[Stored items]
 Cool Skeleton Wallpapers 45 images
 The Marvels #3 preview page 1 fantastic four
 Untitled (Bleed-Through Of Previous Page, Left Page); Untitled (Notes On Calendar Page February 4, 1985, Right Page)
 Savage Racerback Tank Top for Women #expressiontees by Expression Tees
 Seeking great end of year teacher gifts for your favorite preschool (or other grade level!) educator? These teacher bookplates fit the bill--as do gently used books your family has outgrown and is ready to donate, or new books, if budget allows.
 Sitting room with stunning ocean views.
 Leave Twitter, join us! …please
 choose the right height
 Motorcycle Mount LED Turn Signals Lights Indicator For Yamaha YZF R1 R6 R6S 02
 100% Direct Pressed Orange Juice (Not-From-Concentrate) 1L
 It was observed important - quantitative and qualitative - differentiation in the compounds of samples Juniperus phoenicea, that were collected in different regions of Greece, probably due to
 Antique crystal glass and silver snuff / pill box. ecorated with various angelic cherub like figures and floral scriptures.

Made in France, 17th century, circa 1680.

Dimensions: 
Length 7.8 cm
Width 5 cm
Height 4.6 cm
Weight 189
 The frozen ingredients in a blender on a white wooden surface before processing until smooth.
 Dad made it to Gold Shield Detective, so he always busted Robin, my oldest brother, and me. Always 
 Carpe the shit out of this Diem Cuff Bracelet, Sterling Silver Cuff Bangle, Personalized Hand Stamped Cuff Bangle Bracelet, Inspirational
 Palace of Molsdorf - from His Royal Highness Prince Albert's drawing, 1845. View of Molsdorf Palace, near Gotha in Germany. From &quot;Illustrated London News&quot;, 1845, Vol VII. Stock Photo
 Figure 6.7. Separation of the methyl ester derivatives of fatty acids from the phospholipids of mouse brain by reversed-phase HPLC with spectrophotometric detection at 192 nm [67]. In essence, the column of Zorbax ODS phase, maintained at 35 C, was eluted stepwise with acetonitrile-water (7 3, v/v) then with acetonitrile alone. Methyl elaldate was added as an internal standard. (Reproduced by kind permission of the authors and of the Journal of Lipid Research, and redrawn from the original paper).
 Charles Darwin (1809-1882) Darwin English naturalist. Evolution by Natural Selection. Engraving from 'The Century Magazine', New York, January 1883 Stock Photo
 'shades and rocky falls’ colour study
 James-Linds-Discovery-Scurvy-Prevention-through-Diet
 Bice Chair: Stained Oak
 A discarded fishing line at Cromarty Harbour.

:: Activity ::
Every line from the line containing "It was observed" through the line containing "Figure 6.7. Separation" in the records above must be retyped exactly. Leave out the rest.

:: Result ::
 It was observed important - quantitative and qualitative - differentiation in the compounds of samples Juniperus phoenicea, that were collected in different regions of Greece, probably due to
 Antique crystal glass and silver snuff / pill box. ecorated with various angelic cherub like figures and floral scriptures.

Made in France, 17th century, circa 1680.

Dimensions: 
Length 7.8 cm
Width 5 cm
Height 4.6 cm
Weight 189
 The frozen ingredients in a blender on a white wooden surface before processing until smooth.
 Dad made it to Gold Shield Detective, so he always busted Robin, my oldest brother, and me. Always 
 Carpe the shit out of this Diem Cuff Bracelet, Sterling Silver Cuff Bangle, Personalized Hand Stamped Cuff Bangle Bracelet, Inspirational
 Palace of Molsdorf - from His Royal Highness Prince Albert's drawing, 1845. View of Molsdorf Palace, near Gotha in Germany. From &quot;Illustrated London News&quot;, 1845, Vol VII. Stock Photo
 Figure 6.7. Separation of the methyl ester derivatives of fatty acids from the phospholipids of mouse brain by reversed-phase HPLC with spectrophotometric detection at 192 nm [67]. In essence, the column of Zorbax ODS phase, maintained at 35 C, was eluted stepwise with acetonitrile-water (7 3, v/v) then with acetonitrile alone. Methyl elaldate was added as an internal standard. (Reproduced by kind permission of the authors and of the Journal of Lipid Research, and redrawn from the original paper).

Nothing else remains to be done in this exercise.